Два капитана (Каверин) - страница 143

Вместе с Петькой, который ничего не понимал, но ни о чём не спрашивал, мы побежали к доктору на Пименовский, потом к другому доктору, который жил над бывшим кино Ханжонкова, и все трое вломились в его тихую прибранную квартиру с мебелью в чехлах и с неприятной старухой, тоже в каком-то синем чехле.

Неодобрительно качая головой, она выслушала нас и ушла. По дороге она прихватила что-то со стола — на всякий случай, чтобы мы не стащили.

Через несколько минут вышел доктор — низенький, румяный, с седым ёжиком и сигарой в зубах.

— Ну-с, молодые люди?

Пока он одевался, мы стояли в передней и боялись пошевелиться, а старуха в чехле тоже стояла и все время смотрела на нас, хотя из передней унести было нечего. Потом она притащила тряпку и стала вытирать наши следы, хотя никаких следов не было, только от Петькиных калош натекла небольшая лужа. Потом Петька остался торопить доктора, который все ещё одевался — все ещё одевался, хотя у Кати было такое лицо, что я несколько раз хотел заговорить с ней и не мог. Петька остался, а мы побежали вперёд.

На улице я без разговоров надел на неё моё пальто. У неё волосы развалились, и она заколола их на ходу.
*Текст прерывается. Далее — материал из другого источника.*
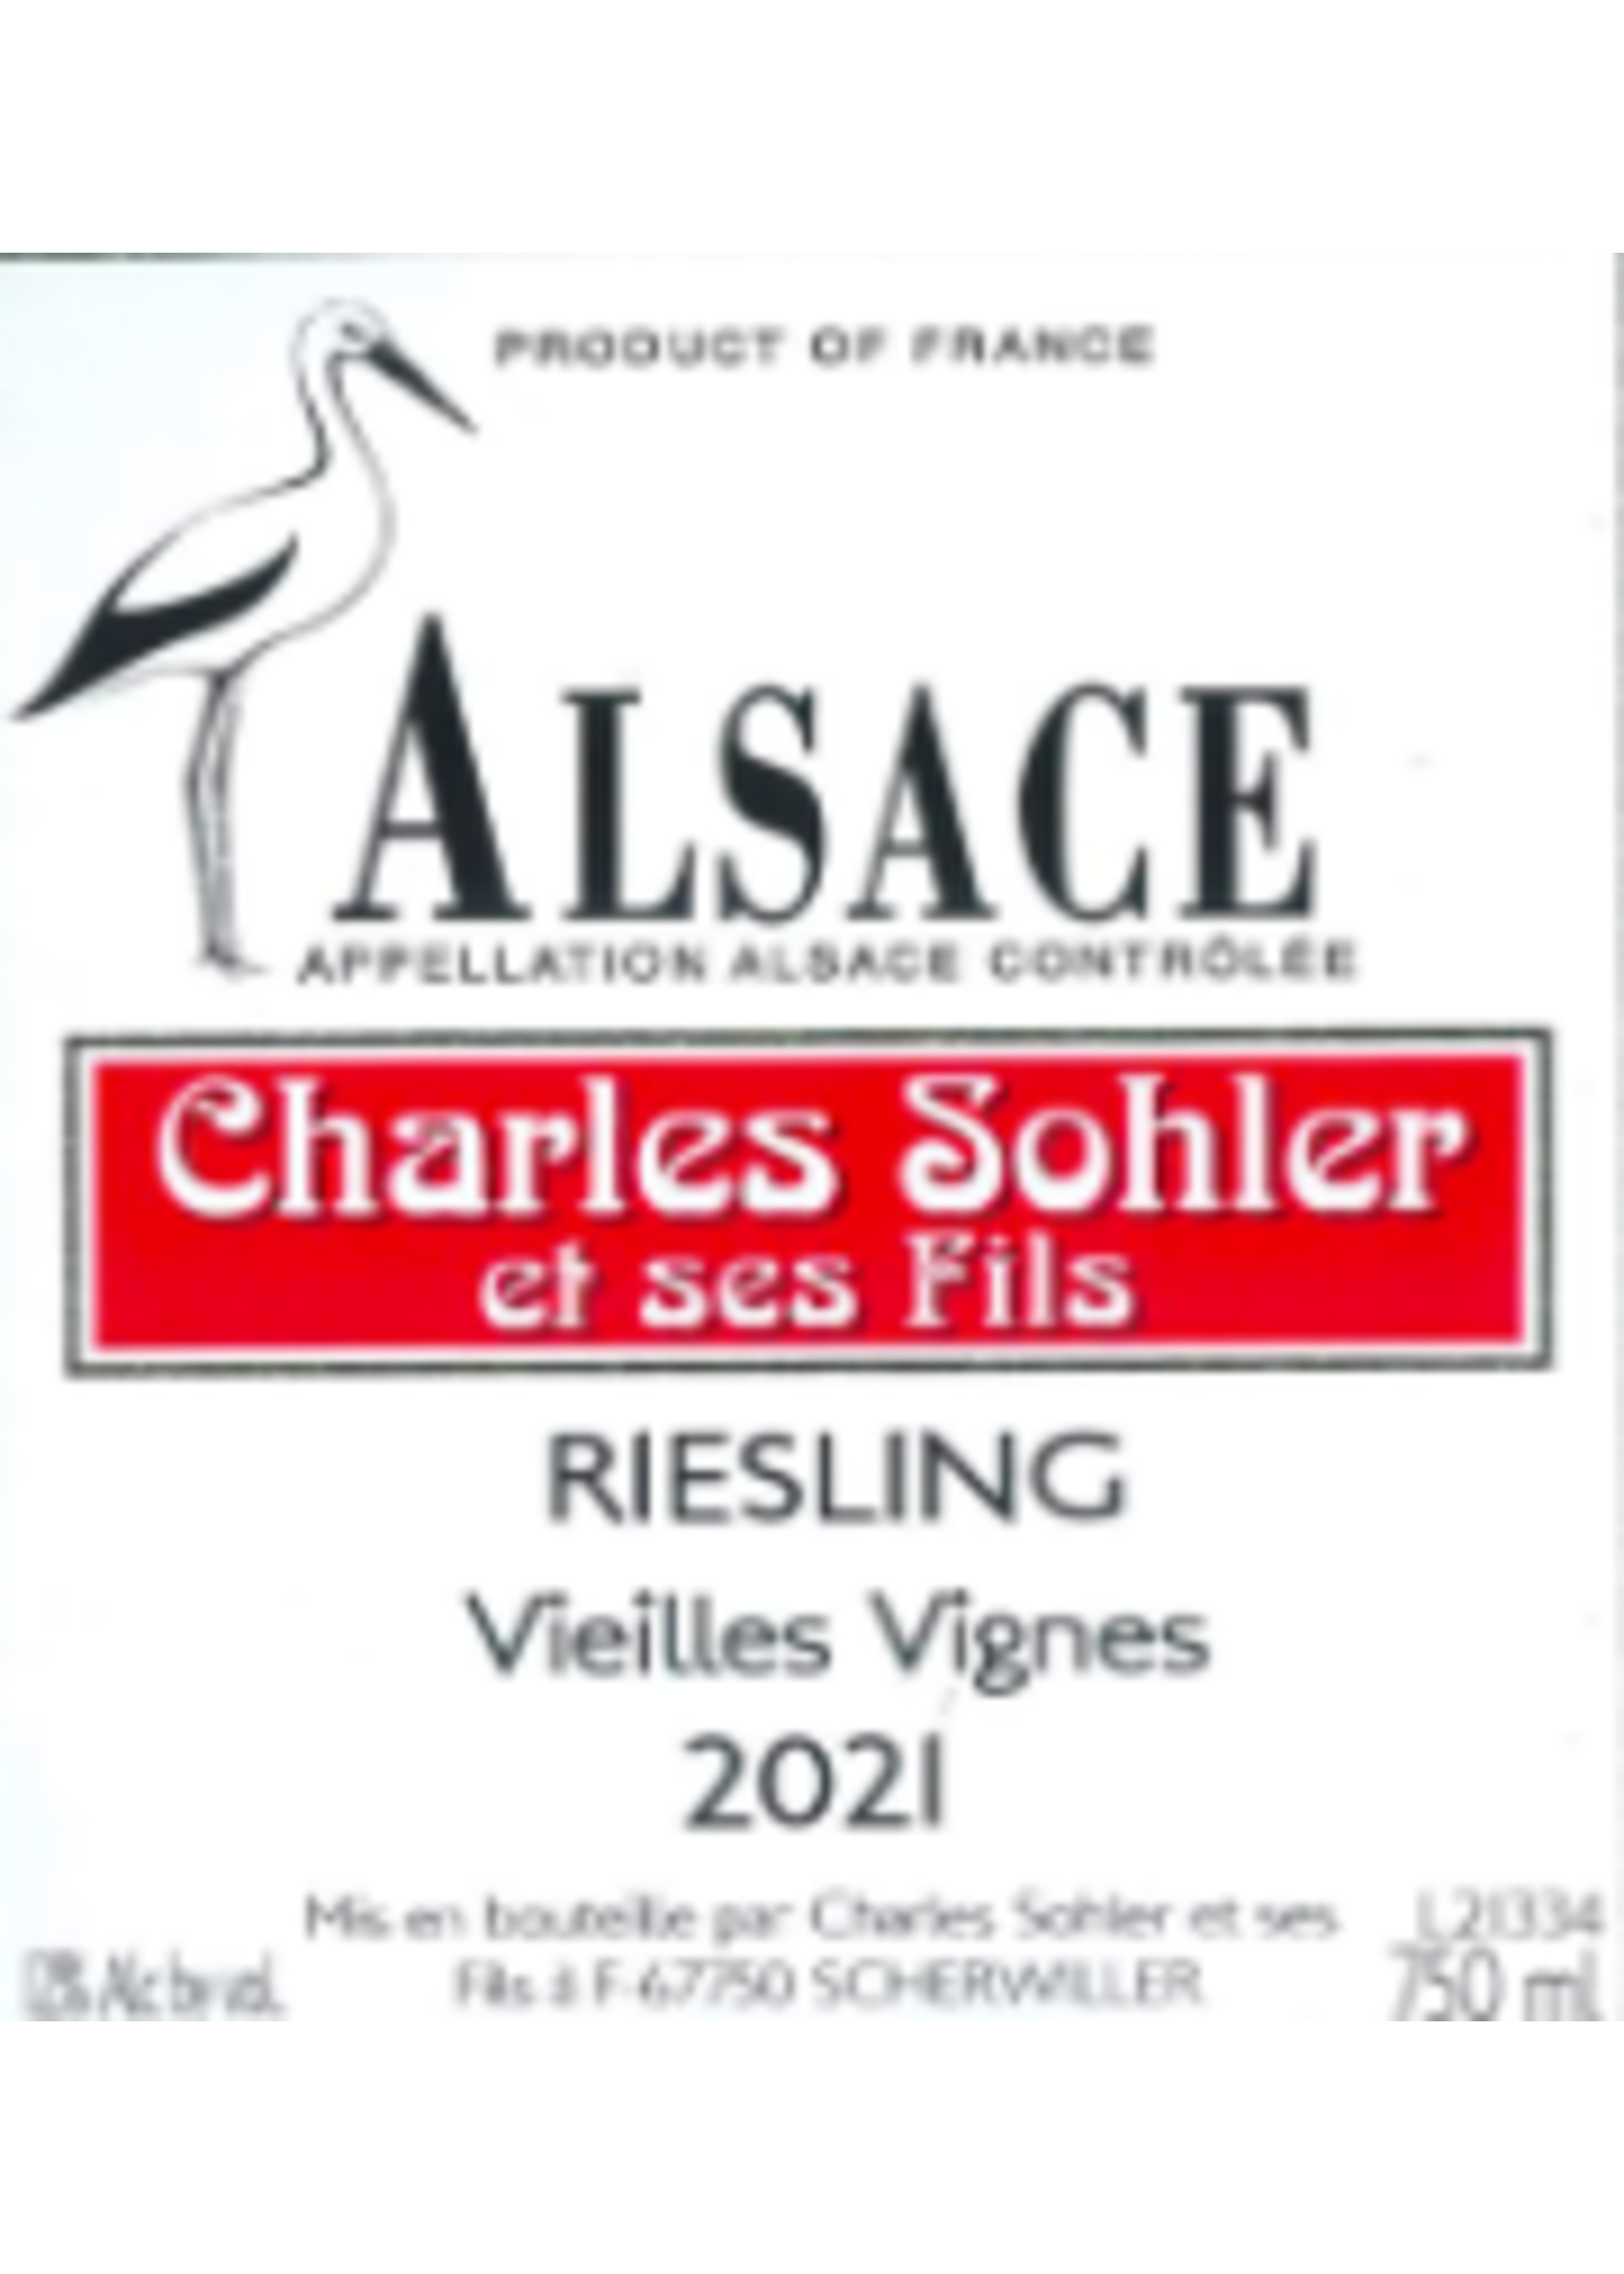 Charles Sohler et ses Fils Charles Sohler et ses Fils / Riesling Vieilles Vignes 2021 / 750mL

Но одна коса опять упала, и она сердито засунула её под пальто.

Карета скорой помощи стояла у ворот, и мы невольно остановились от ужаса. По лестнице санитары несли носилки с Марьей Васильевной.

Она лежала с открытым лицом, с таким же белым лицом, как накануне у Кораблёва, но теперь оно было точно вырезанное из кости.

Я прижался к перилам и пропустил носилки, а Катя жалобно сказала: «Мамочка» — и пошла рядом с носилками. Но Марья Васильевна не открыла глаз, не шевельнулась. У неё был очень мёртвый вид, и я понял, что она непременно умрёт.

С убитым сердцем я стоял во дворе и смотрел, как носилки вкладывали в карету, как старушка дрожащими руками закутывала Марье Васильевне ноги, как у всех шёл пар изо рта — и у санитара, который вынул откуда-то книгу и попросил расписаться, и у Николая Антоныча, который, болезненно заглядывая под очки, расписался в книге.

— Да не здесь, — грубо сказал санитар и, с досадой махнув рукой, положил книгу в большой карман халата.

Катя побежала домой и вернулась в своём пальто, а моё оставила на кухне. Она тоже села в карету. И вот дверцы, за которыми лежала страшная, изменившаяся, белая Марья Васильевна, закрылись, и карета, рванувшись, как самый обыкновенный грузовик, помчалась в приёмный покой.

Николай Антоныч и старушка одни остались во дворе. Некоторое время они стояли молча. Потом Николай Антоныч повернулся и первый пошёл в дом, механически переставляя ноги, как будто он боялся упасть. Таким я его ещё не видел.